Les monarchies sont basées sur des ethnies, suscitant des inquiétudes quant à un recul des efforts d’intégration nationale, a déclaré Ndebesa Mwambutsya, professeur d’histoire à l’Université Makerere de Kampala.
« Les Ougandais s’identifient d’abord à leurs tribus et royaumes, puis en tant que citoyens « , dit-il. « Cela fonctionne dans la plupart des cultures africaines parce que les gens ont perdu confiance dans le gouvernement, et les tribus et les royaumes fournissent un noyau autour duquel une identité peut être forgée. »
Trouver un équilibre entre l’unité nationale et la tradition peut être un défi, selon le professeur.
» C’est un paradoxe en soi. Il est important que la culture africaine soit préservée car un peuple sans culture, c’est comme tâtonner dans l’obscurité « , dit-il.
» En même temps, il y a la mondialisation, il y a le consumérisme, il y a l’intégration nationale. Faire en sorte que tous ceux qui s’intègrent au traditionalisme est un défi de taille it il faut une perspective pour s’assurer que les royaumes ne sont pas contre-productifs. »

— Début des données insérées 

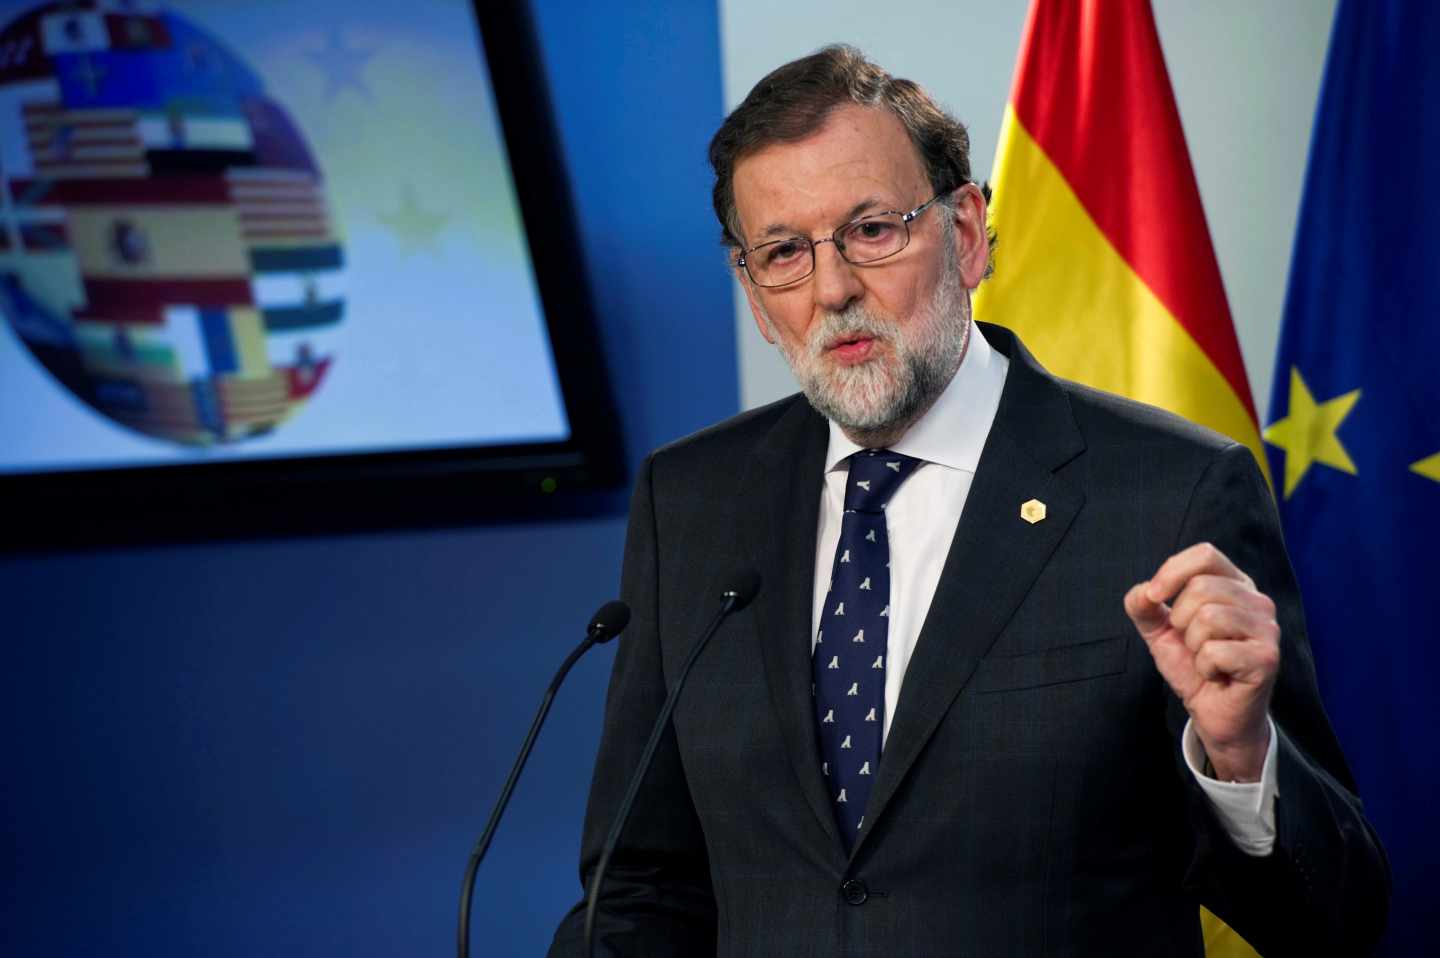 El presidente del gobierno español, Mariano Rajoy, en rueda de prensa tras el Consejo Europeo.
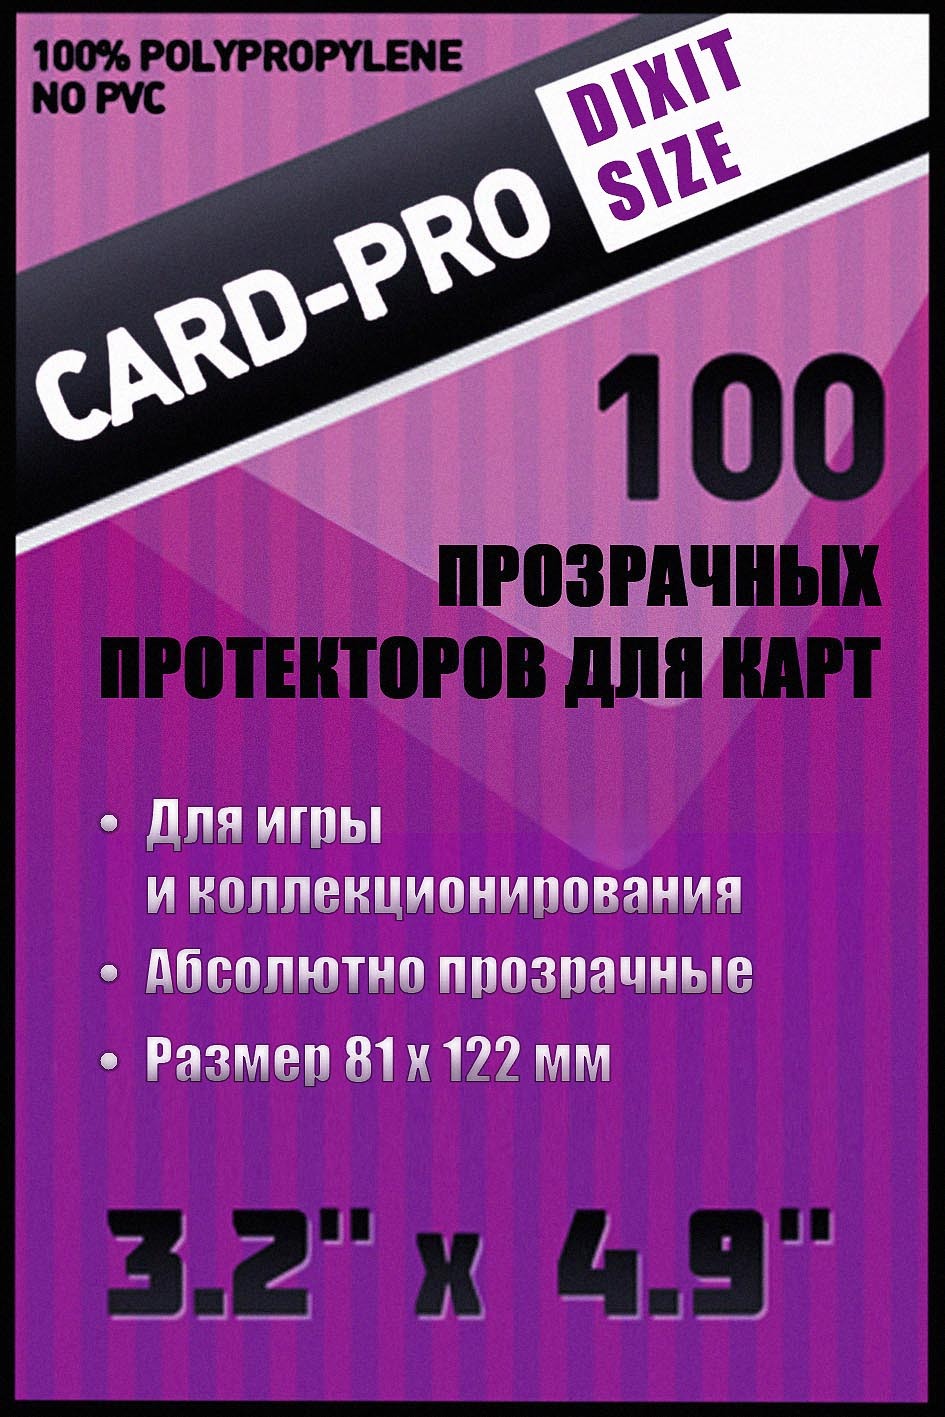  -  Card-Pro 81*122

De nombreux Africains, comme les habitants du royaume du roi Oyo, s’identifient d’abord comme membres d’une tribu ou d’un groupe ethnique et ensuite comme citoyens d’une nation. C’est en partie un héritage du colonialisme, lorsque les puissances européennes ont tracé des frontières pour des pays et des territoires qui regroupaient des peuples de diverses tribus et groupes ethniques, y compris beaucoup qui avaient une histoire de relations médiocres.
Les tensions entre groupes ethniques au sein d’un même pays ont souvent dégénéré en violences sur tout le continent. Le génocide de 1994 au Rwanda, qui a fait près de 800 000 morts, par exemple, est le résultat de violences interethniques. Tout comme les violences postélectorales au Kenya voisin qui ont fait plus de 1 000 morts en 2008.
En Ouganda, le gouvernement central a interdit les royaumes en 1967, mais le président en a rétabli quatre dans les années 90 à la condition que leurs dirigeants se concentrent davantage sur la culture et moins sur la politique nationale.
D’autres pays africains, comme le Lesotho et le Swaziland, ont également des rois. Le roi du Swaziland est célèbre pour ses festivals où des dizaines de vierges dansent pour lui, mais le roi Oyo est calme en revanche. Il préside un royaume où le temps semble s’être arrêté.
Le mont Rwenzori, enneigé, scrute la brume et brille au clair de lune, toile de fond des cabanes et des bananeraies qui parsèment les paysages vallonnés. La végétation luxuriante et verte ne se traduit cependant pas par de la richesse: la plupart des habitants du royaume – comme ceux du reste de l’Ouganda – vivent dans la pauvreté.
Malgré cela, certaines personnes ont placé leurs espoirs sur le jeune roi.
» Son âge apporte beaucoup de soutien financier aux dirigeants qui veulent l’encadrer et le voir réussir », explique Ruhweza Remigious, charpentier de 34 ans, qui vit dans une hutte de boue en face du palais à Fort Portal.
« La plupart des Africains sont dirigés par des personnes âgées qui ne font rien « , dit Remigious. « Il est jeune et impatient, et nous espérons qu’il nous donnera une vie meilleure et modernisera nos infrastructures. »
C’est un lourd fardeau à assumer pour quiconque. Cela met une pression particulièrement forte sur un adolescent qui aime sortir avec ses copains de l’école et s’enraciner dans son équipe de football préférée Arsenal Arsenal, de la Premier League en Angleterre.
Aurait-il donc choisi d’être roi ?
Il fait une pause.
« Je ne sais pas vraiment si je peux répondre à cette question », dit-il. » Être un roi n’est pas facile. Parfois, j’aimerais être ordinaire. »
Le journaliste Samson Ntale a contribué à ce reportage.